When you need to bump the cert-manager image version, you change it once in base/deployment.yaml. Every cluster gets the update.

ApplicationSet Auto-Discovery

The second layer of duplication elimination: don't manually create an ArgoCD Application for each cluster. Use an ApplicationSet with a Git file generator that auto-discovers clusters.

apiVersion: argoproj.io/v1alpha1
kind: ApplicationSet
metadata:
  name: cert-manager
  namespace: argocd
spec:
  generators:
    - git:
        repoURL: https://github.com/your-org/infrastructure
        revision: HEAD
        files:
          - path: "clusters/*/config.json"
  template:
    metadata:
      name: "cert-manager-{{cluster.name}}"
    spec:
      project: platform-addons
      source:
        repoURL: https://github.com/your-org/infrastructure
        path: "addons/cert-manager/overlays/{{cluster.name}}"
      destination:
        server: "{{cluster.server}}"
        namespace: cert-manager
      syncPolicy:
        automated:
          prune: false
          selfHeal: true

Each cluster has a config file at clusters/{name}/config.json:

{
  "cluster": {
    "name": "prod-us-east",
    "server": "https://prod-us-east.example.com",
    "provider": "gke",
    "region": "us-east1"
  }
}

Add a new cluster?
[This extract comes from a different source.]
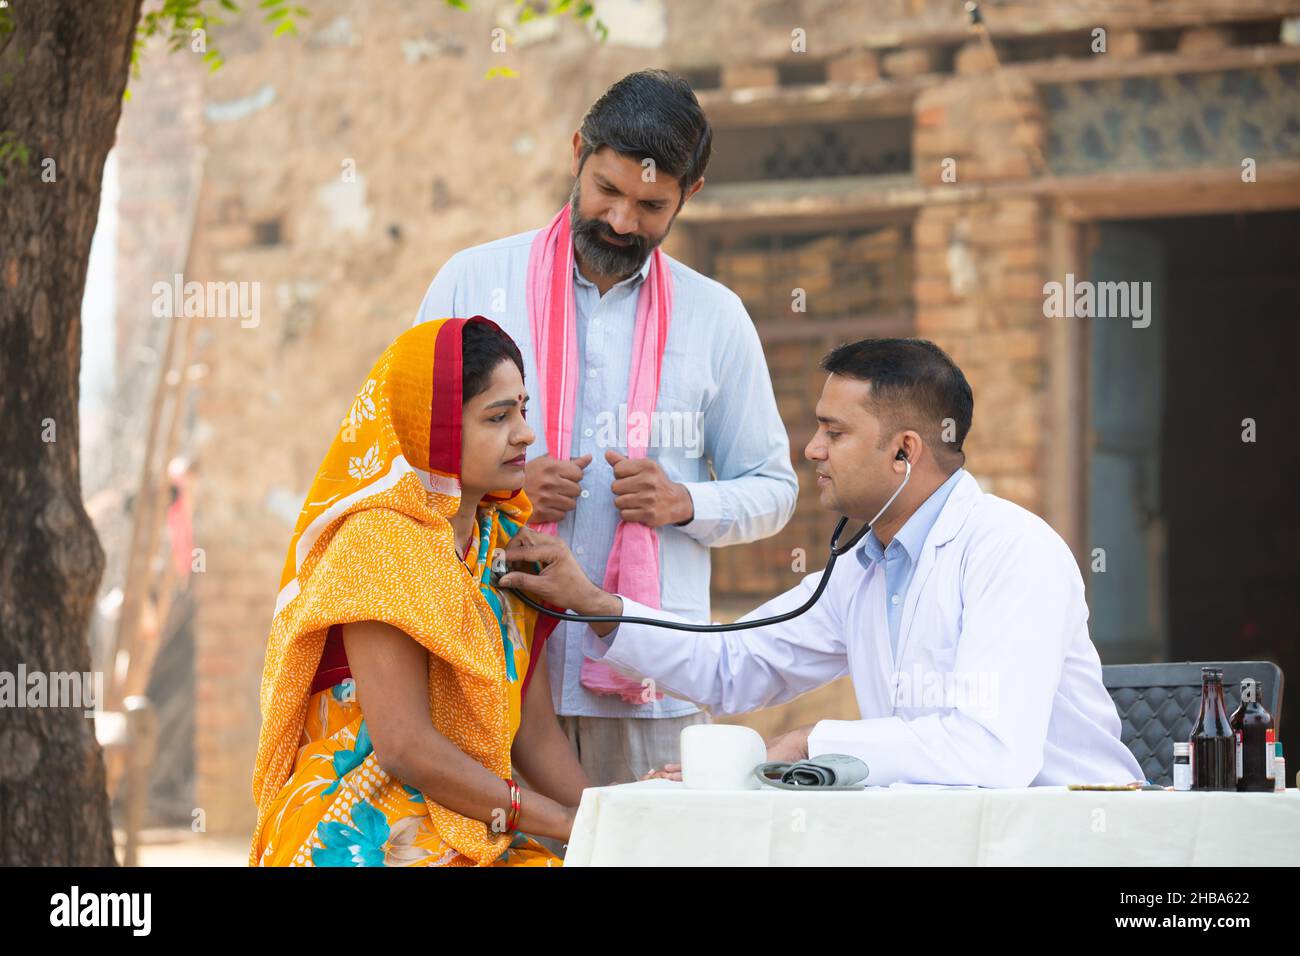 Medico indiano maschio con stetoscopio di controllo del battito cardiaco paziente o respiro al villaggio, donna che indossa sari con suo marito che ottiene esame da medico p Foto Stock

Create its config file and overlay directory. The ApplicationSet picks it up automatically. No copy-pasting Application manifests.

Group by Capability, Not by Cluster

Organize addons by what they do, not where they run. Group cert-manager and sealed-secrets under security/. Group prometheus and grafana under observability/. This keeps related configuration together and makes it obvious what's deployed where.

Letting Developers Self-Serve Without Losing Control

Here's the uncomfortable truth: you can set up ArgoCD perfectly - clean directory structure, ApplicationSets, Kustomize overlays - and developers still can't ship without filing a ticket.

Why? Because the interface to ArgoCD is YAML files in a Git repo. Developers need to know which directory to edit, which fields to change, what values are valid, and how Kustomize patches work. That's not developer self-service. That's "we replaced the Jira ticket with a Git commit that's equally likely to break things."

Real self-service means developers interact with something that generates the right YAML for them - whether that's a CLI tool, an API, or a UI. The generated files land in a branch, go through a PR review, and merge to trigger ArgoCD sync. Developers get autonomy. Operators get a review gate. Git stays the source of truth.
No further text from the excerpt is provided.